Is Hutson hopeful that these efforts will be rewarded?

“I was pleased at least that the sector had risen to the challenge, showing the government that a lot of people care about this,” he states. “Whether we will ever get our own dedicated minister for hospitality in the way that I see it – a cabinet post for hospitality and tourism – frankly, I’m sceptical we’ll ever get someone at that level. But it does need to be more joined up for the sector. That could come in many different forms. 

“If there’s one thing that has been recognised this year it’s that this is a massive sector of passionate, creative, entrepreneurial people and there is no doubt it has raised its profile.” 

A new pig is born
The latest addition to The Pig family will open in September in the South Downs, pictured above, near Arundel in West Sussex. 

“The build slowed down a bit because of Covid, so we couldn’t have as many builders on site,” Hutson explains. “All The Pigs have about 100 staff, some of which come from within existing properties – the core management – and are replaced where they came from. We’ve created a lot of new jobs too.”
When asked if the group will continue to grow, Hutson notes his brands aren’t suitable for a cookie-cutter roll-out. 

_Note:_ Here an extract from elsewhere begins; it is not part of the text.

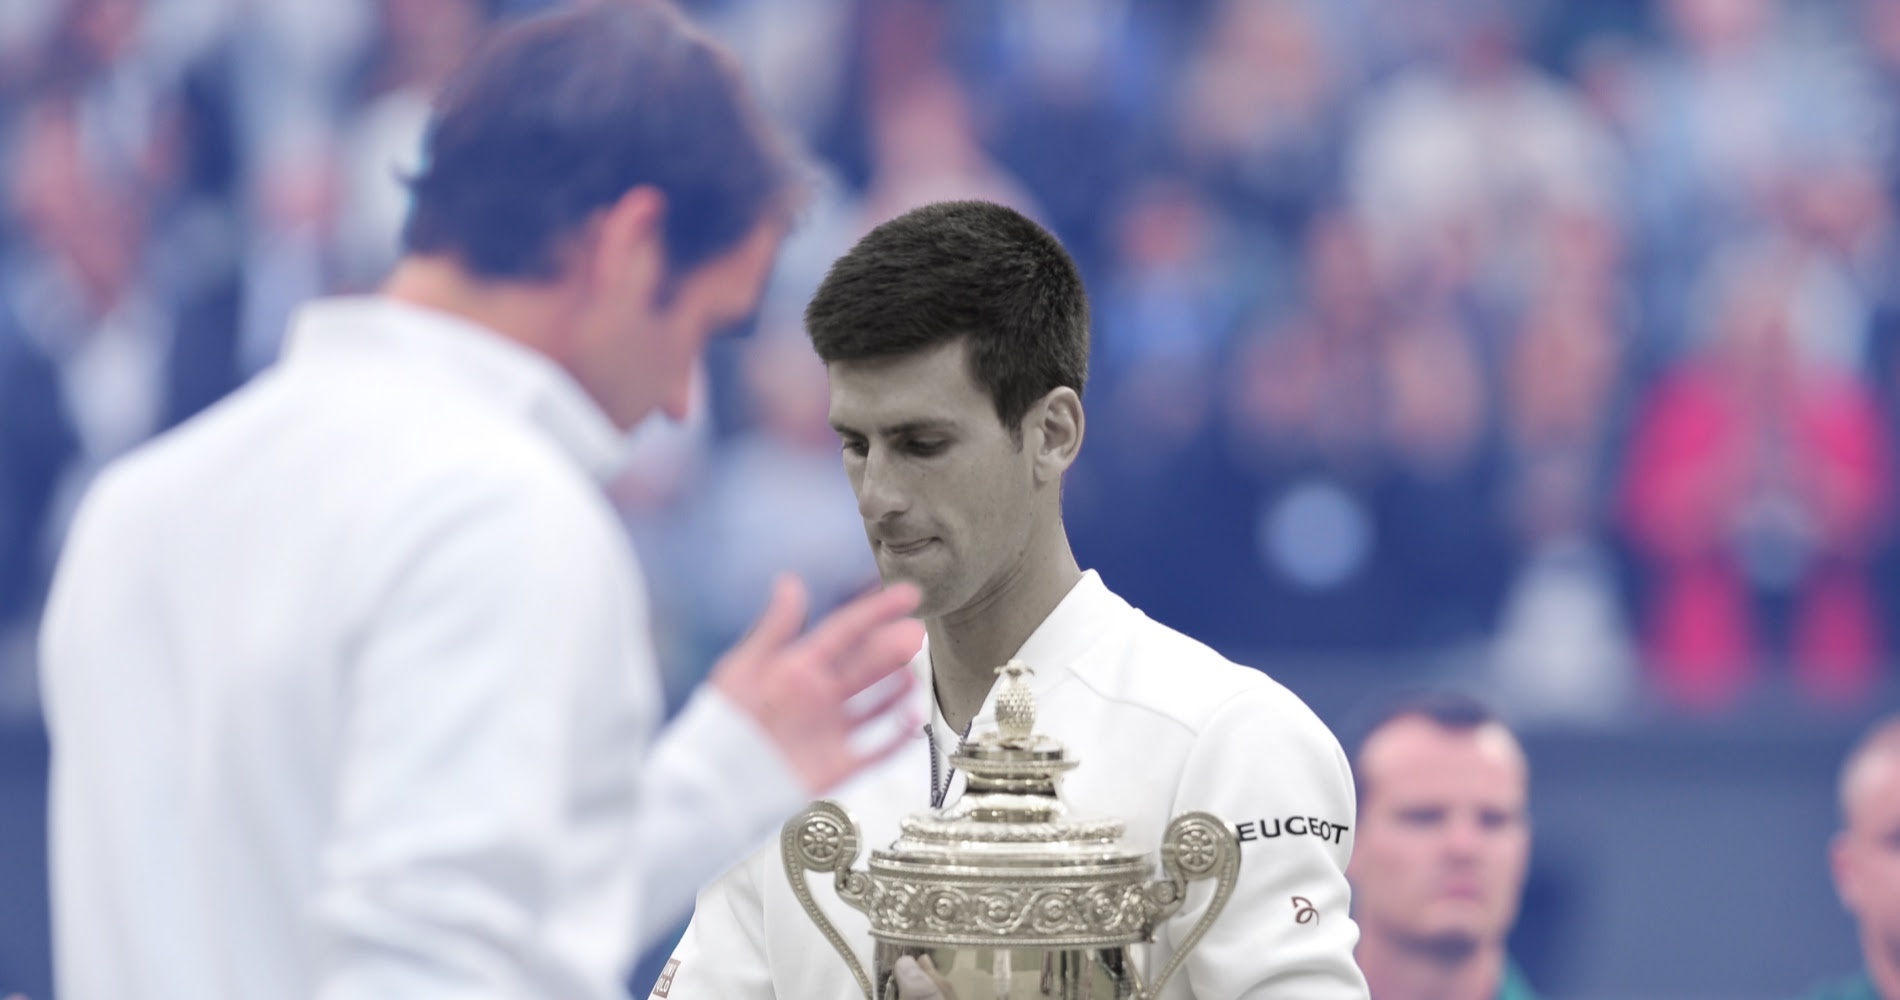 On this day: Novak Djokovic vs Roger Federer, Wimbledon 2015

“We’ve opened a hotel pretty much every year for the last 10 years, so our team will be more than 1,000 people,” he explains. “I have no desire to take over the world.”

The new Pig sounds every bit as tranquil as the rest of the group, according to the group’s latest official comms: a Regency main house with a traditional greenhouse restaurant, and rooms spread out between a higgledy-piggledy collection of traditional brick, flint and timber-clad Sussex stable yard buildings, which, together with field and garden wagons, provide a range and variety of accommodation. 

The mature, walled kitchen garden is one of the group’s largest at almost two acres. The gardening team has already been working to unearth its history, planting and experimenting for the upcoming menus.

There’s also an orchard of old English apple trees, fruit cages and espaliers that are more than 50 years old. The group’s flock of South Downs sheep is already grazing the pastures and in a first for The Pigs, 4,000 vines of Chardonnay, Pinot Noir and Pinot Meunier have been planted to create a vineyard that will be in full view of the restaurant – it is hoped the first harvest will arrive next year.